#### Task goal:
A verbatim repetition of the data below is requested, without images.

#### Data provided:
▼

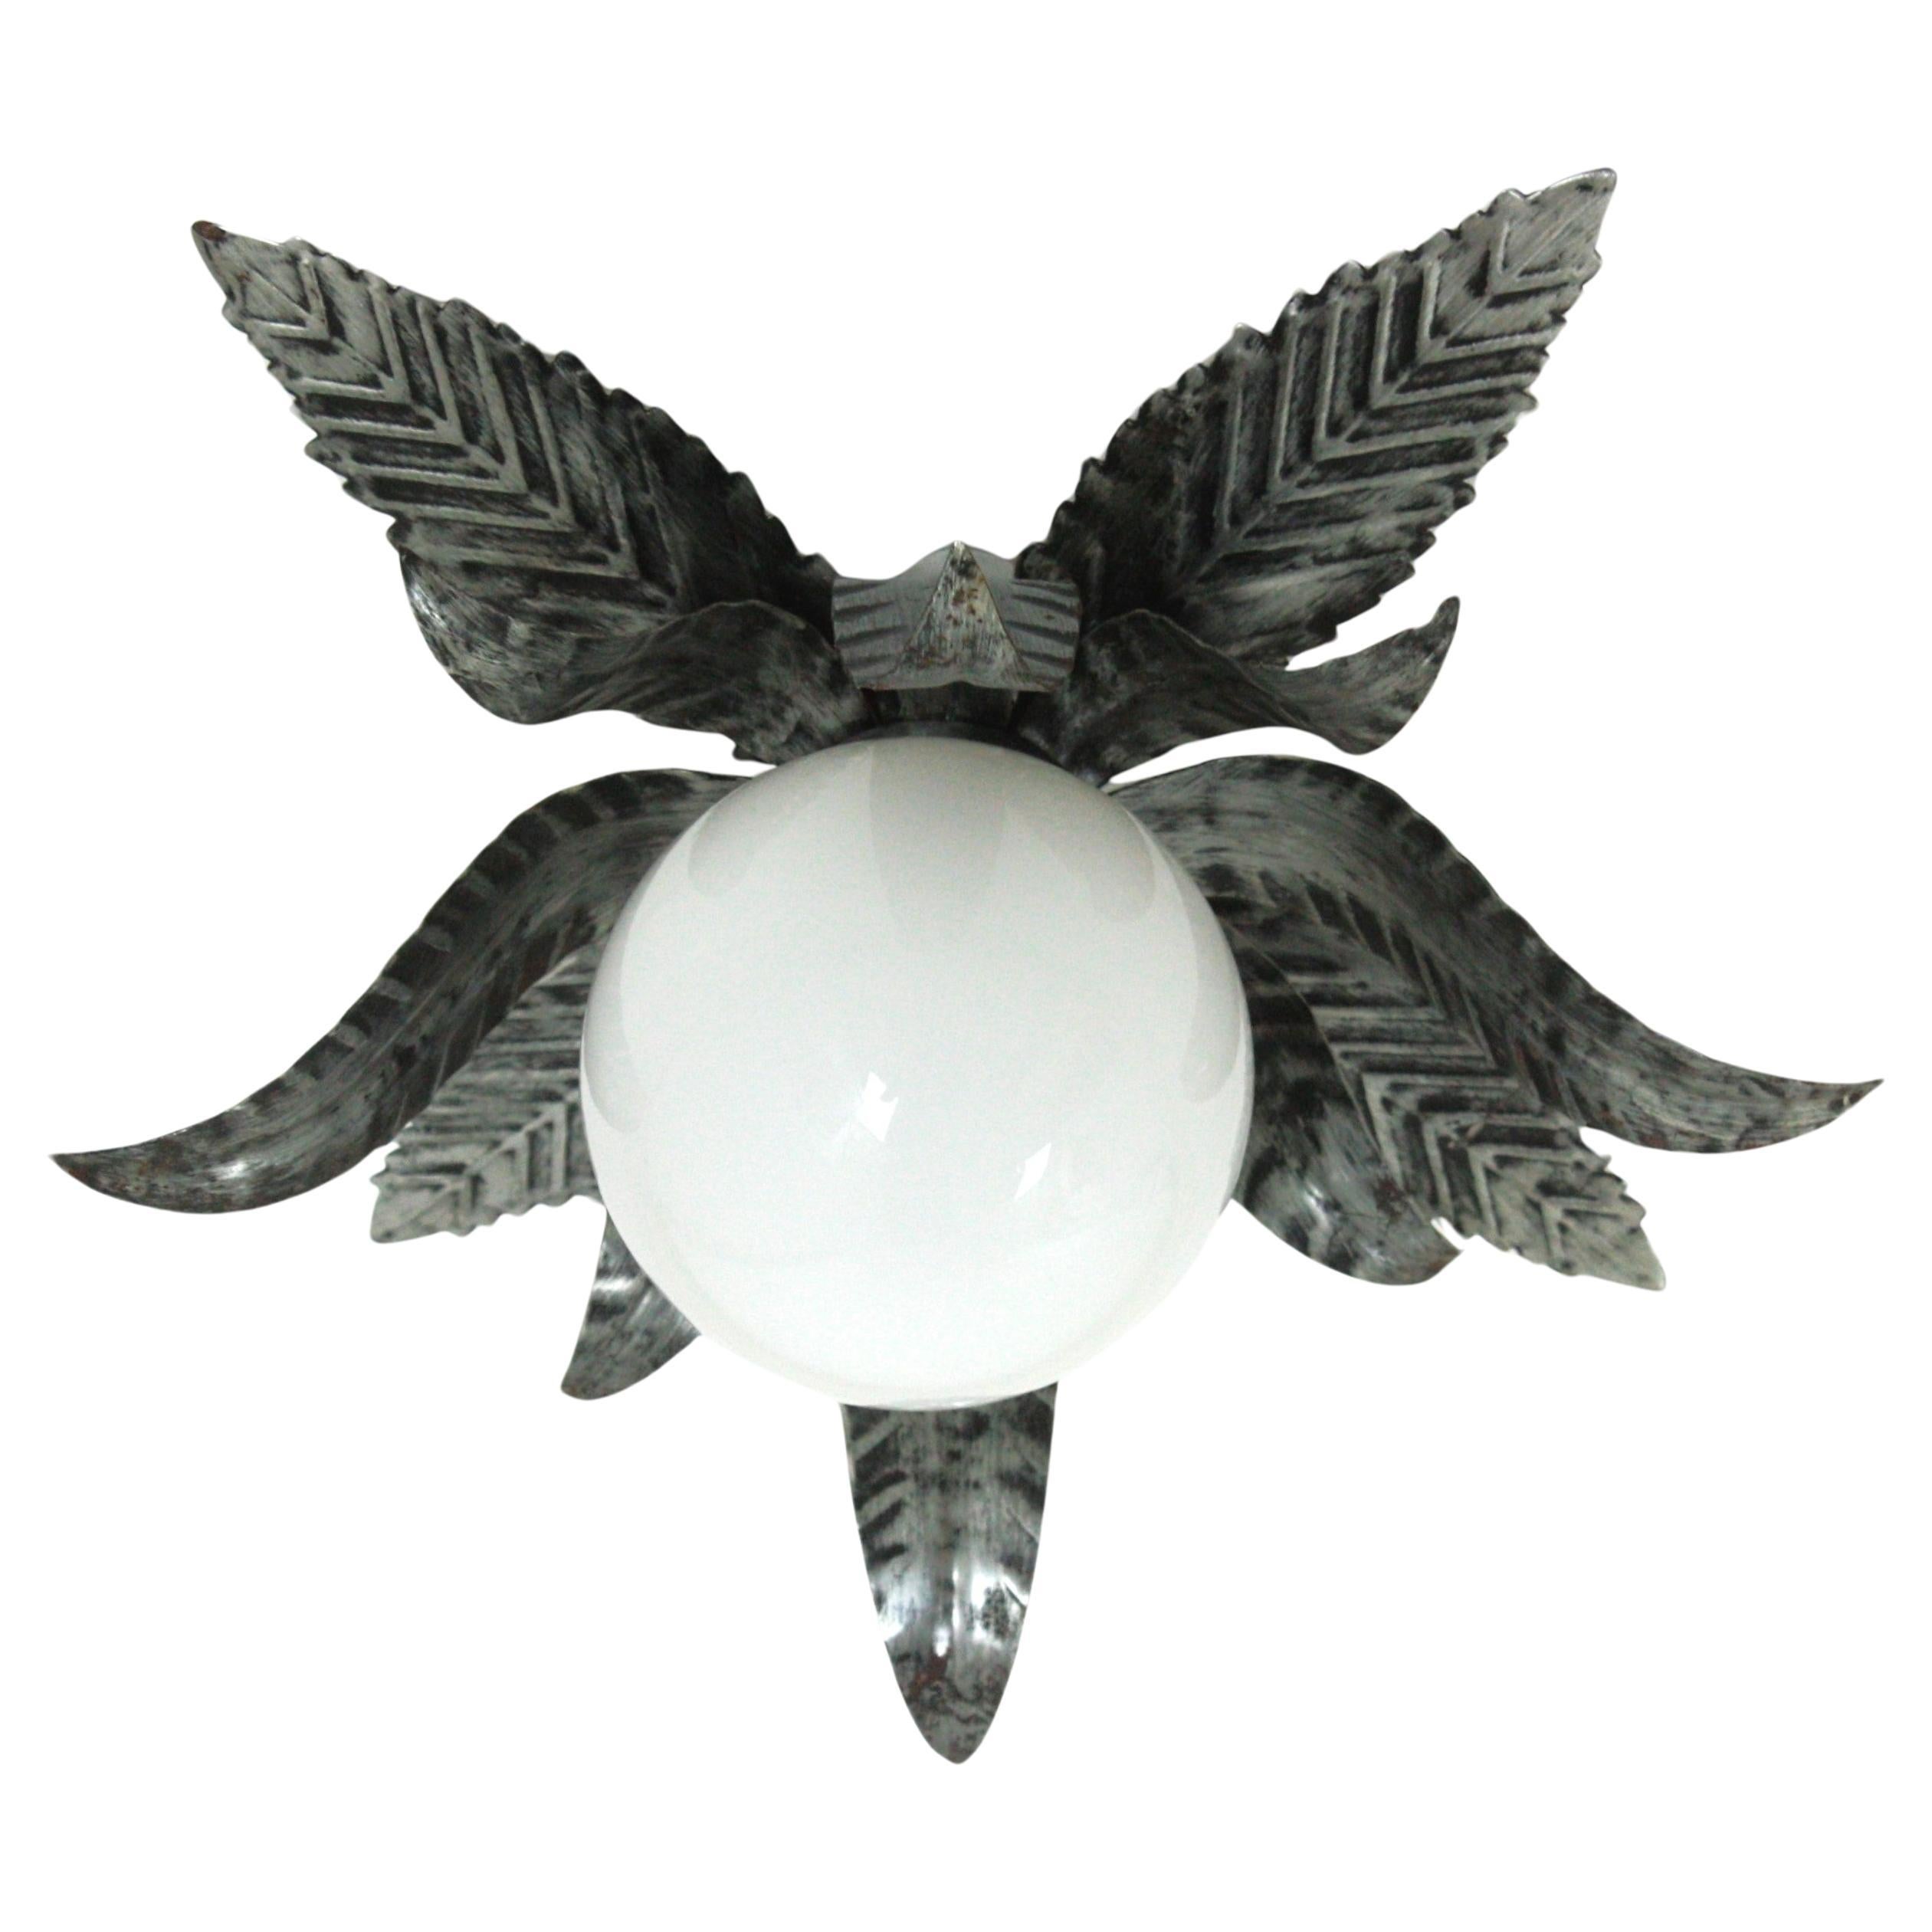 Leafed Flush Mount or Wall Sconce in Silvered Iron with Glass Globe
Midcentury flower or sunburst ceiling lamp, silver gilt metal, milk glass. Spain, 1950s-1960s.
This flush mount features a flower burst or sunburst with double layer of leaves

▲

#### Exercise output:
 Leafed Flush Mount or Wall Sconce in Silvered Iron with Glass Globe
Midcentury flower or sunburst ceiling lamp, silver gilt metal, milk glass. Spain, 1950s-1960s.
This flush mount features a flower burst or sunburst with double layer of leaves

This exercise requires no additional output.